Was willst du eigentlich ca. investieren?


----------



## Fynn_sh (18. September 2007)

*AW: Gesucht: Neue Meforute*



MFT-Dirk schrieb:


> Ein Bekannter fischt die Fenwick und ist davon auch begeistert.



Kann man so sagen #6
...aber gerade weil sie sonen schön langen Griff hat, also eher nix für den Threadersteller :m


----------



## Dirk170478 (18. September 2007)

*AW: Gesucht: Neue Meforute*



Fynn_sh schrieb:


> Kann man so sagen #6
> ...aber gerade weil sie sonen schön langen Griff hat, also eher nix für den Threadersteller :m


 

Da isser ja, der Bekannte!!!#h|supergri|supergri|supergri


----------



## Living Dead (19. September 2007)

*AW: Gesucht: Neue Meforute*

Ja Preisrahme so ca 250€. Such halt etwas leichtes und schnelles.

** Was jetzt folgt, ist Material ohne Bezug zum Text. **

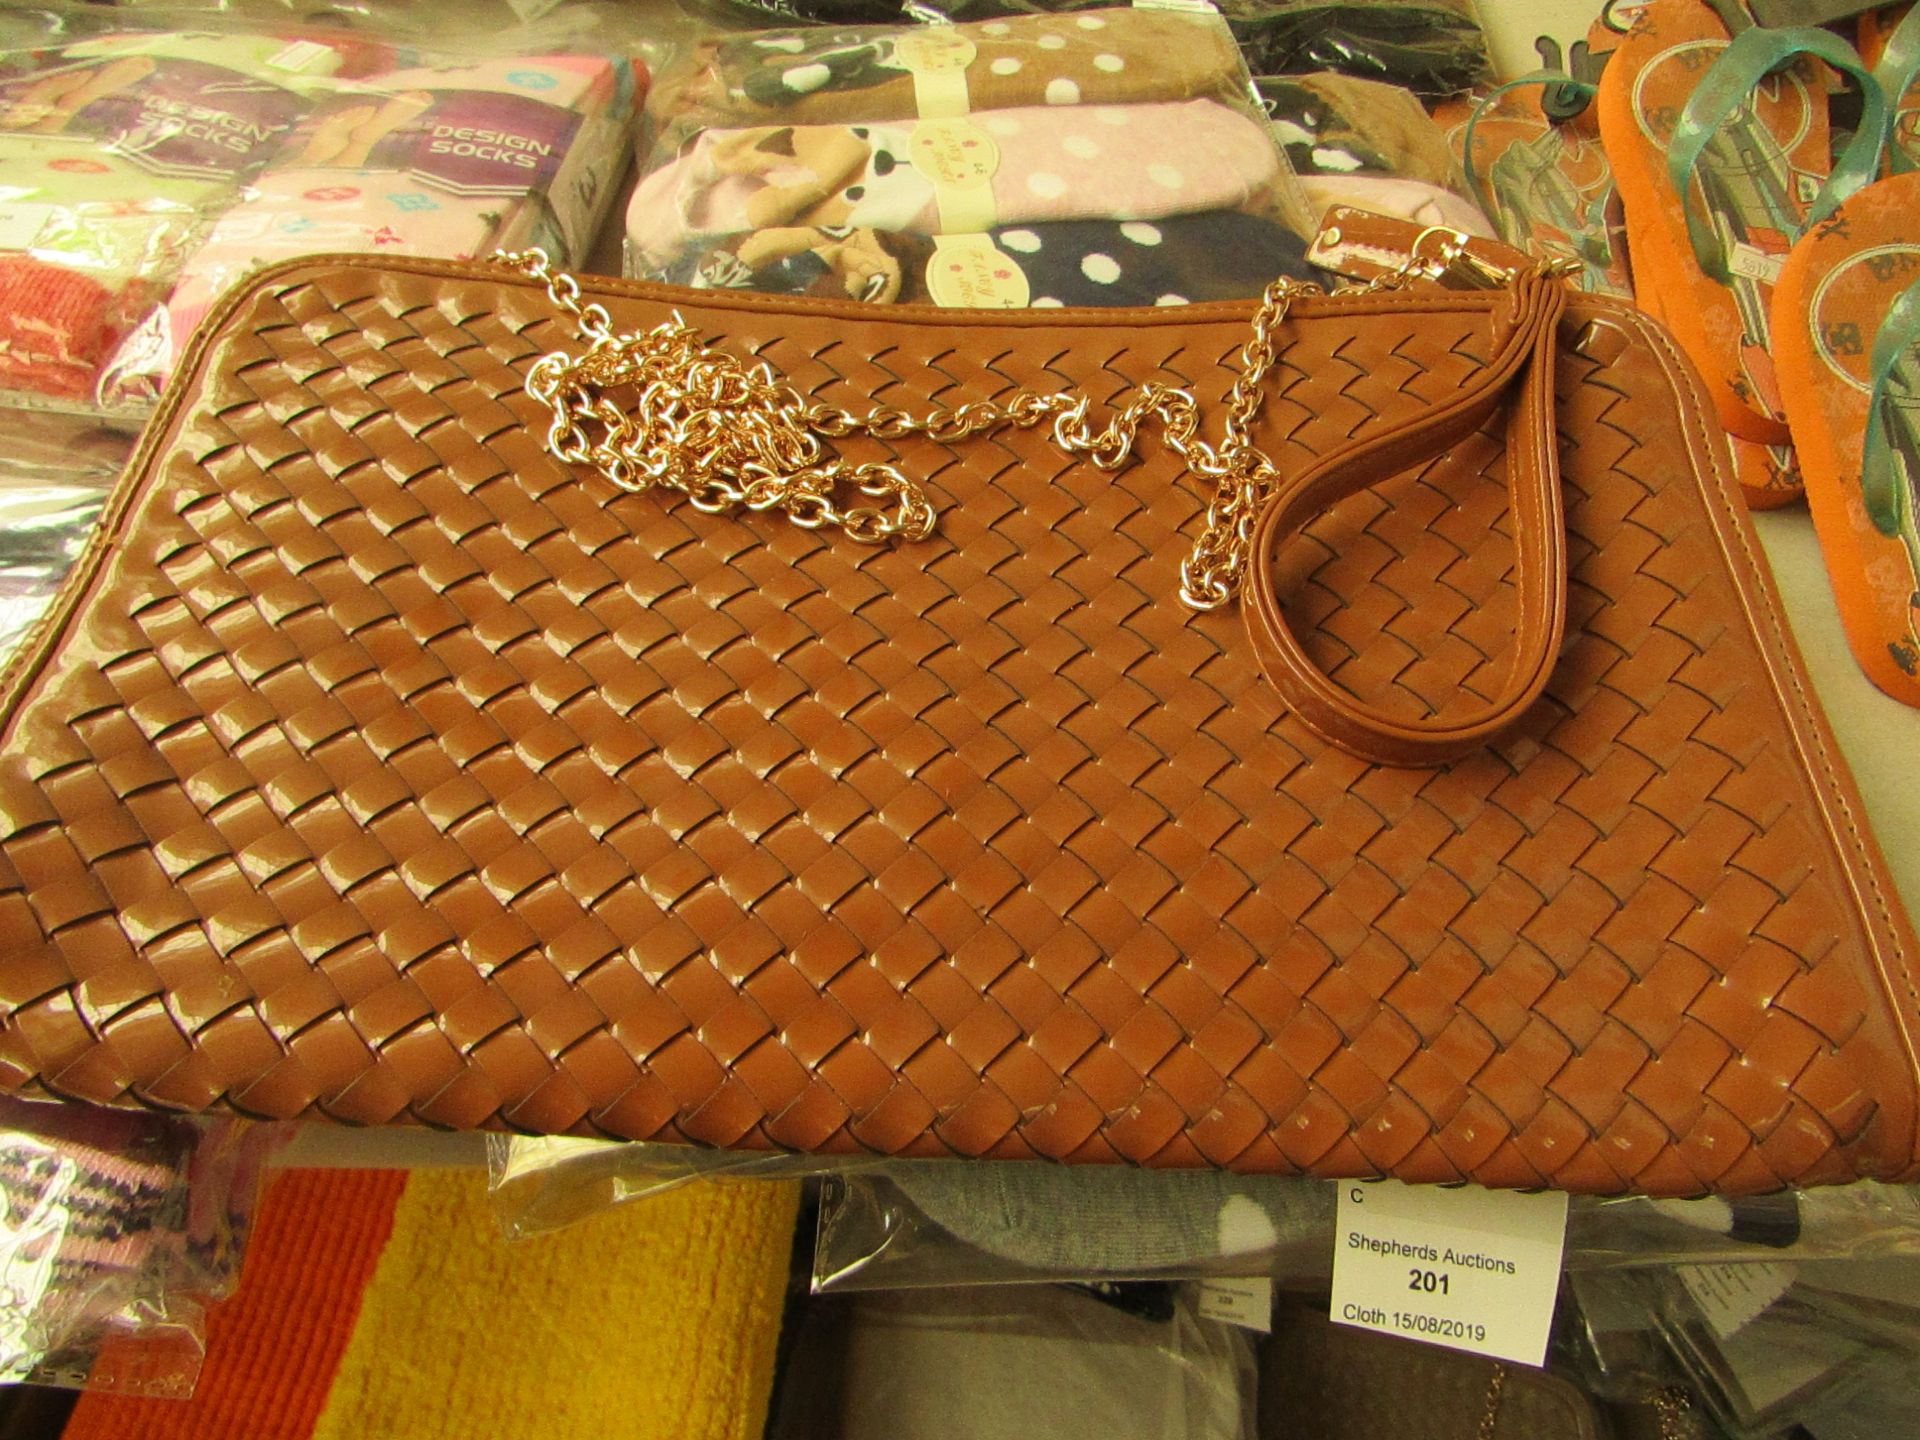 Ladies Large Handbag new & packaged (see image for design)
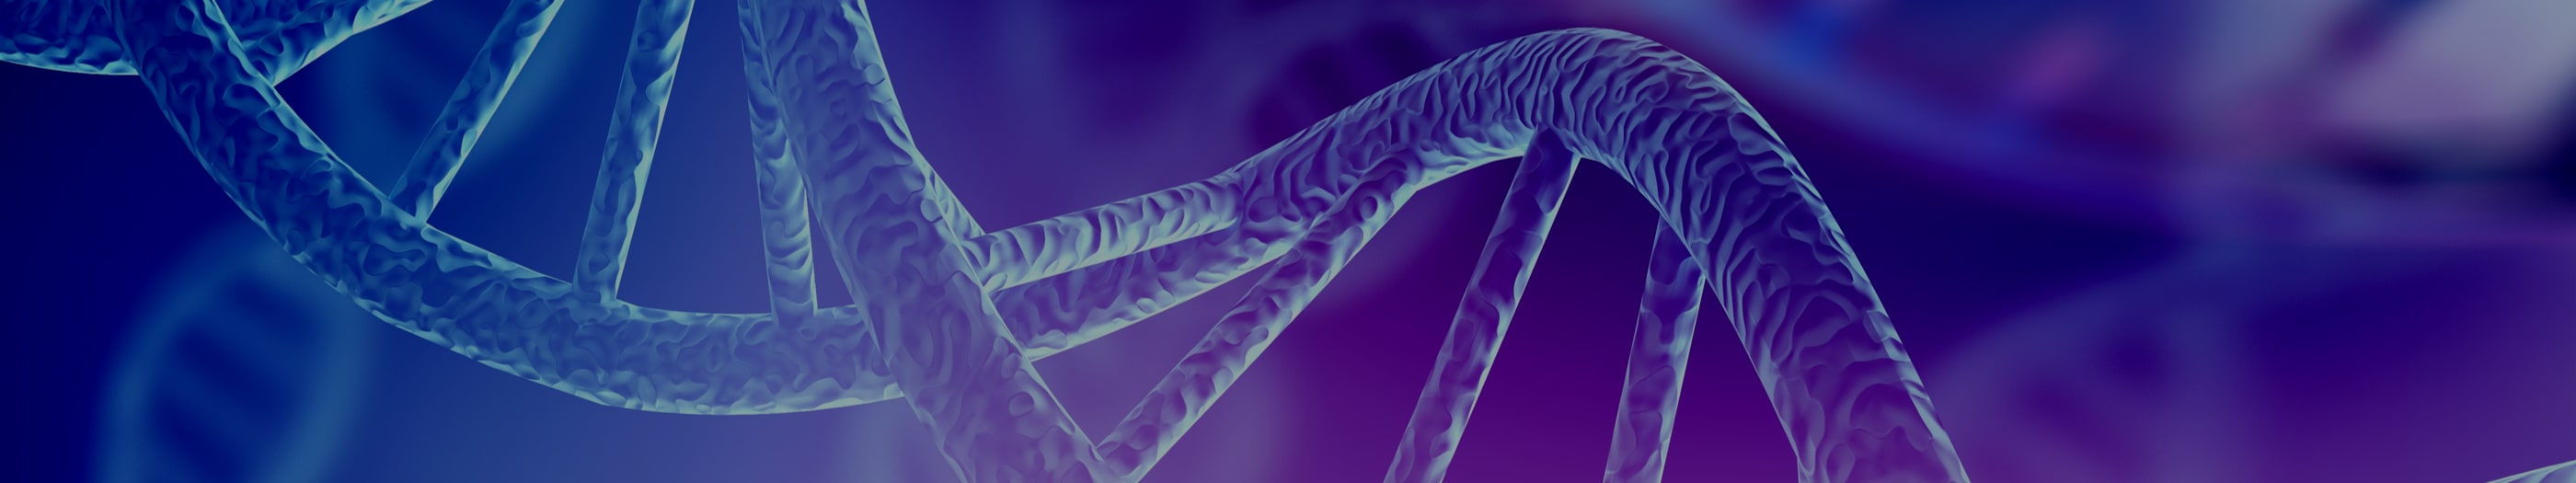 Wallpaper DNA Life Chemistry Molecule Science Biology images for  desktop section рендеринг  download

Mag keine weichen Ruten.


----------



## Ullov Löns (19. September 2007)

*AW: Gesucht: Neue Meforute*

Dann luscher doch mal im Harrisonthread. 


Uli


----------



## Chrizzi (19. September 2007)

*AW: Gesucht: Neue Meforute*

Hmm Rainer meinte doch das die Harrison mehr eine GuFi Rute wäre. Wäre der "Blechpeitschen"-Thread nicht sinnvoller?


----------



## Blauortsand (19. September 2007)

*AW: Gesucht: Neue Meforute*



> @ Jelle RFX 96 MH, ist das die mit Kork bei DS?



da hatte ich die mal her - ich glaube ich habe die seit ca. nem jahr!


----------



## Living Dead (20. September 2007)

*AW: Gesucht: Neue Meforute*



Chrizzi schrieb:


> Hmm Rainer meinte doch das die Harrison mehr eine GuFi Rute wäre. Wäre der "Blechpeitschen"-Thread nicht sinnvoller?



Genau falls mal nen Lachs beist |supergri Ne das is doch etwas überzogen. Mit "hart" war eher sowas wie 15-45gr gemeint.

@jelle: teurer Spaß ; )


----------



## Chrizzi (21. September 2007)

*AW: Gesucht: Neue Meforute*



Living Dead schrieb:


> Genau falls mal nen Lachs beist |supergri Ne das is doch etwas überzogen. Mit "hart" war eher sowas wie 15-45gr gemeint.


 

Du den Lachs fangen nur die anderen - das müsstest du dieses Jahr eigendlich gelernt haben |kopfkrat


----------